Guibbory, Achsah. Returning to John Donne. Burlington, VT: Ashgate, 2015. ix + 268 pp. ISBN: 978-1409468783. $109.95 cloth.                                                      

The past thirty-five years have encompassed the second wave of the “Donne Revolution,” the first wave of which was inaugurated in 1912 by the publication of the magisterial edition of Donne’s poems by Sir Herbert J. C. Grierson, which in turn inspired T. S. Eliot’s seminal essays on Donne, heavily influenced mid-twentieth century English-language poetry, and supported well into the 1970s the New Critics’ commitment to close reading. The second wave, in progress since roughly 1980, has witnessed the founding of both the John Donne Society and the John Donne Journal, as well as the progress of the proposed ten-volume Variorum Edition of the Poetry of John Donne,[1] the proposed twelve-volume re-editing of Donne’s sermons,[2] and the University of Saskatchewan’s Digital Edition of the Complete Prose Works (which is mounting a more complex textual apparatus for each prose work than any print edition could hope to supply). Under these circumstances, to say that Achsah Guibbory has proven one of the two or three most consistently insightful and influential Donne scholars of the past thirty years is to say a great deal.
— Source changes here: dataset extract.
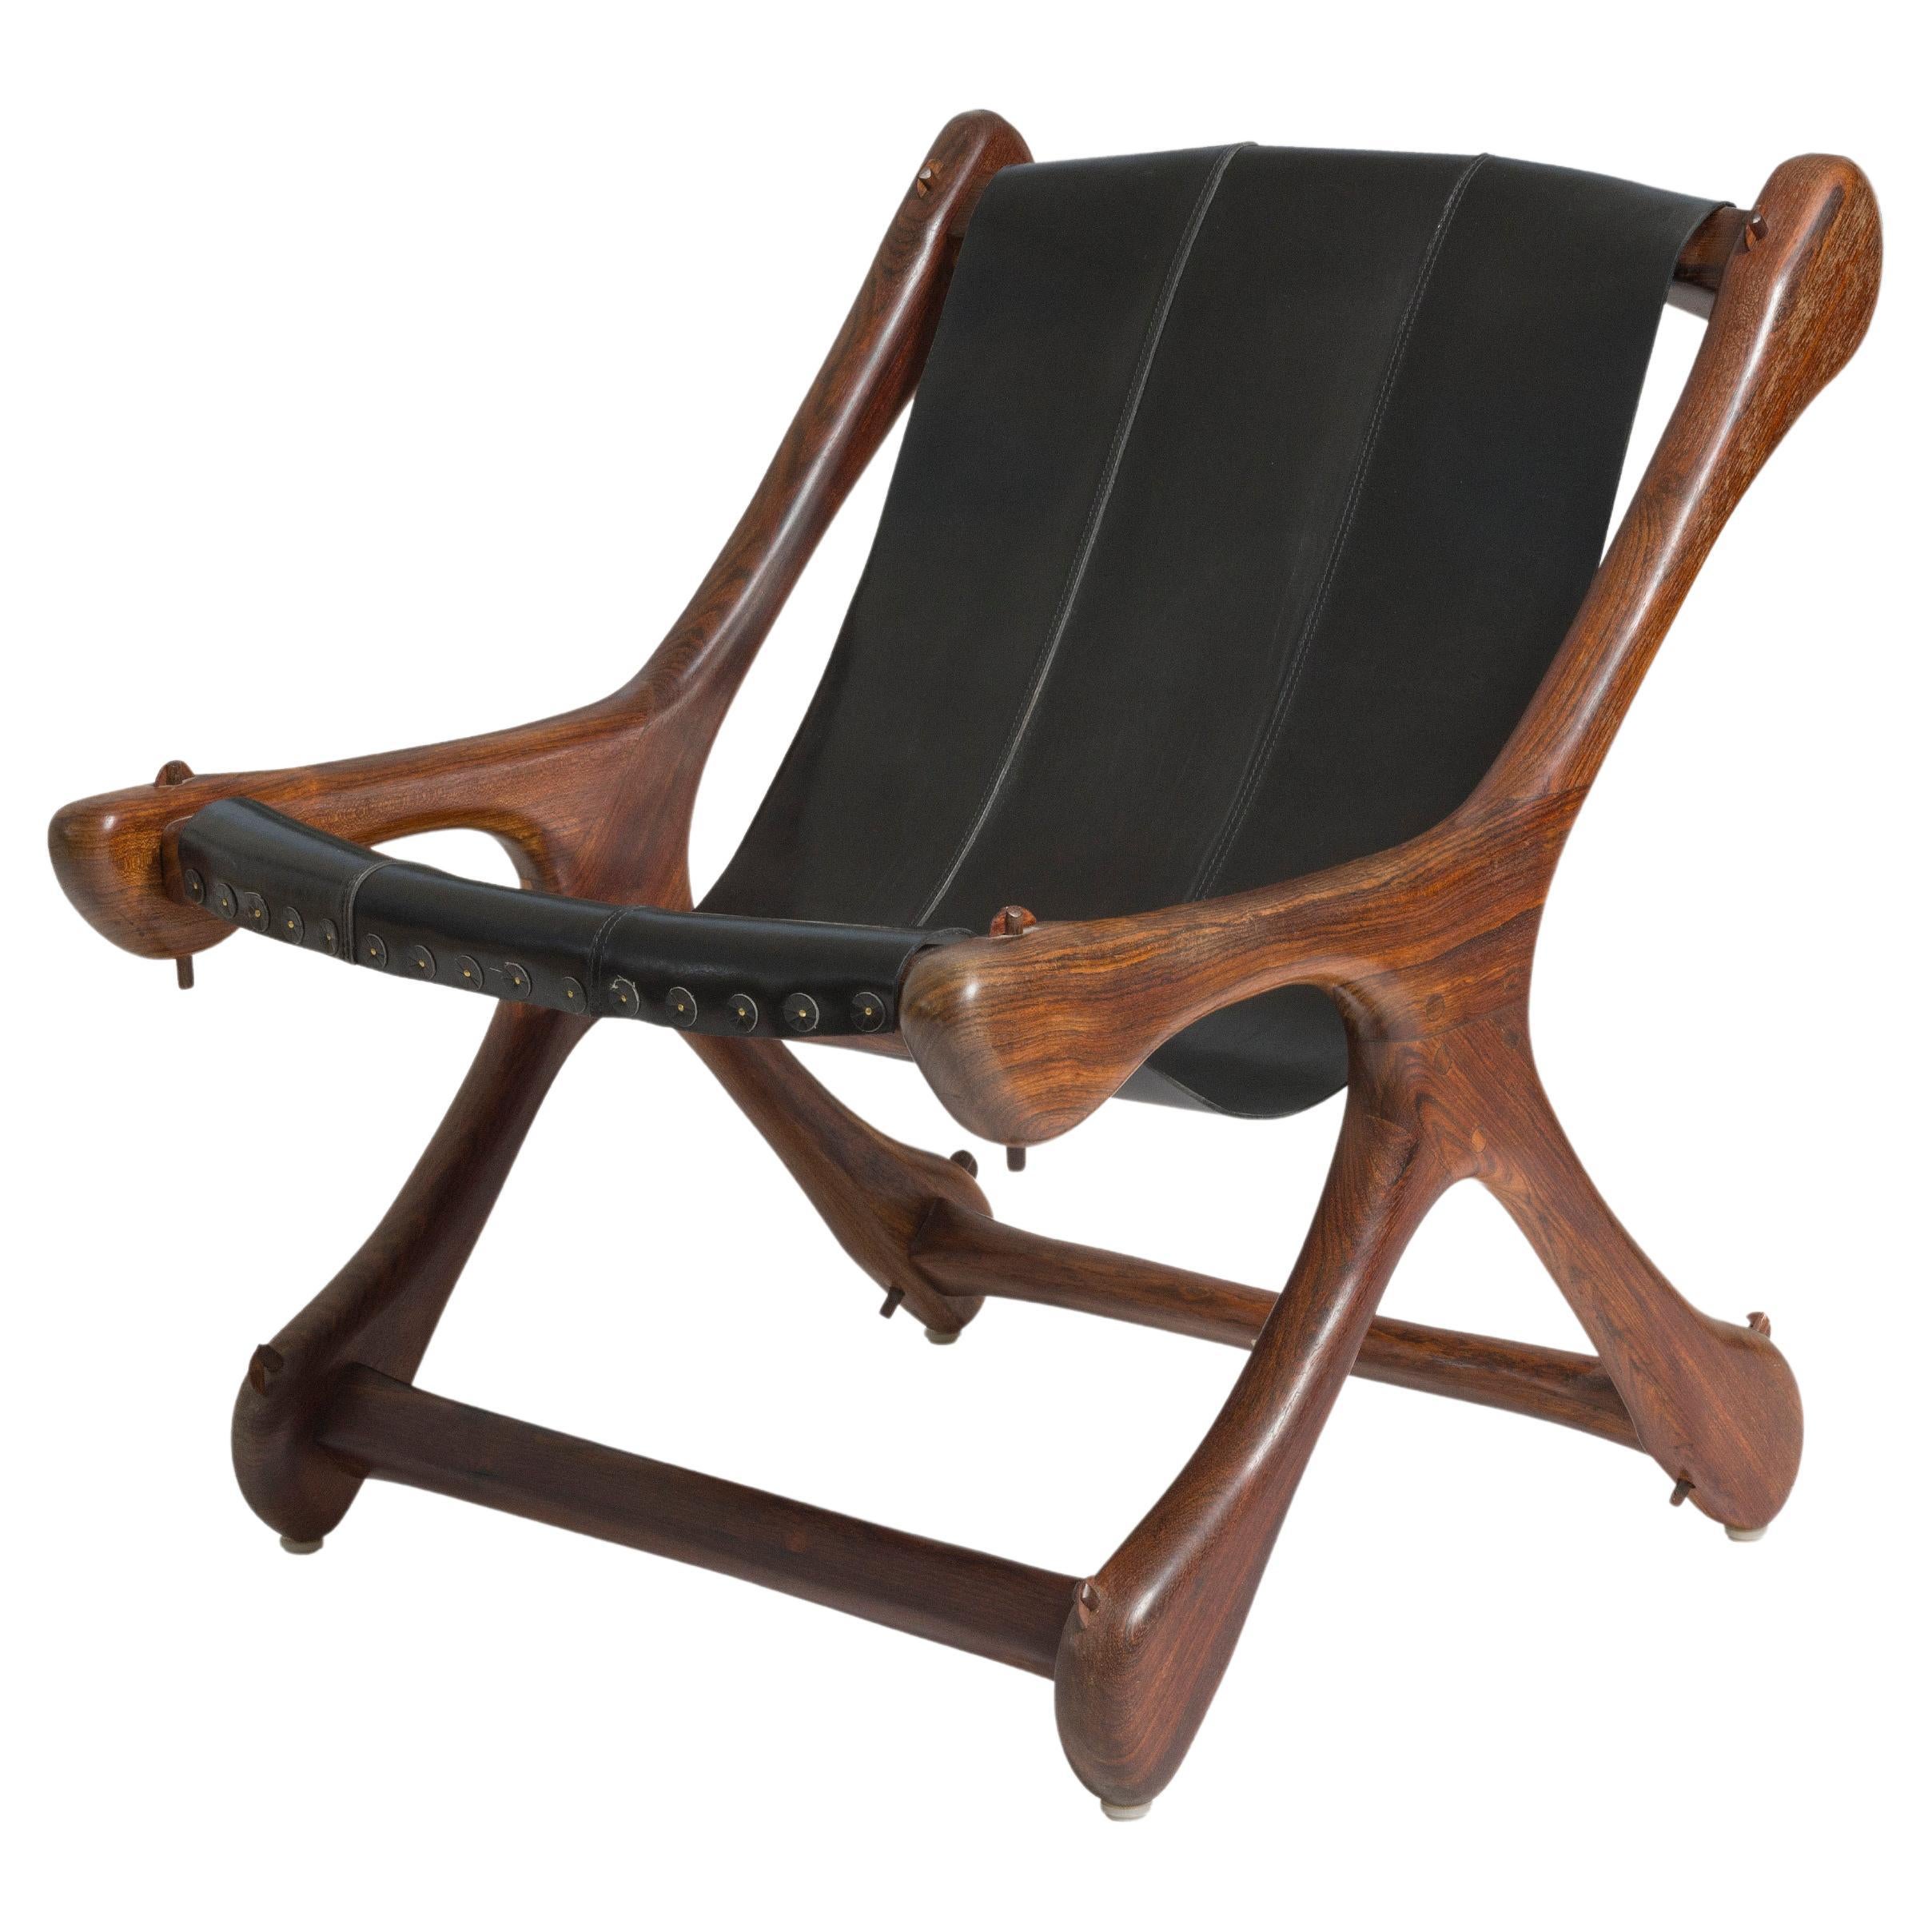 Mexican Modern Lounge Chair, Wood and Leather, 1960's

This volume collects ten of Guibbory’s essays on Donne published between 1986 and 2011. Guibbory has not altered her essays apart from revising documentation formats to ensure consistency of citation practice throughout the volume, and from noting within brackets where Variorum readings of Donne’s poems differ from the editions of the poems that she originally employed. Rather, an addendum to each essay directs the reader to scholarship on that chapter’s topic which appeared following—and, more often than not, partly in response to—Guibbory’s own. The essays have been organized into three categories (“Time and History,” “Love,” and “Religion”), while a preface provided for each section explains the impetus for Guibbory’s exploring these particular portions of Donne’s canon in, respectively, the 1980s, 1990s, and 2000s. Three new essays written specifically for this volume are included as well.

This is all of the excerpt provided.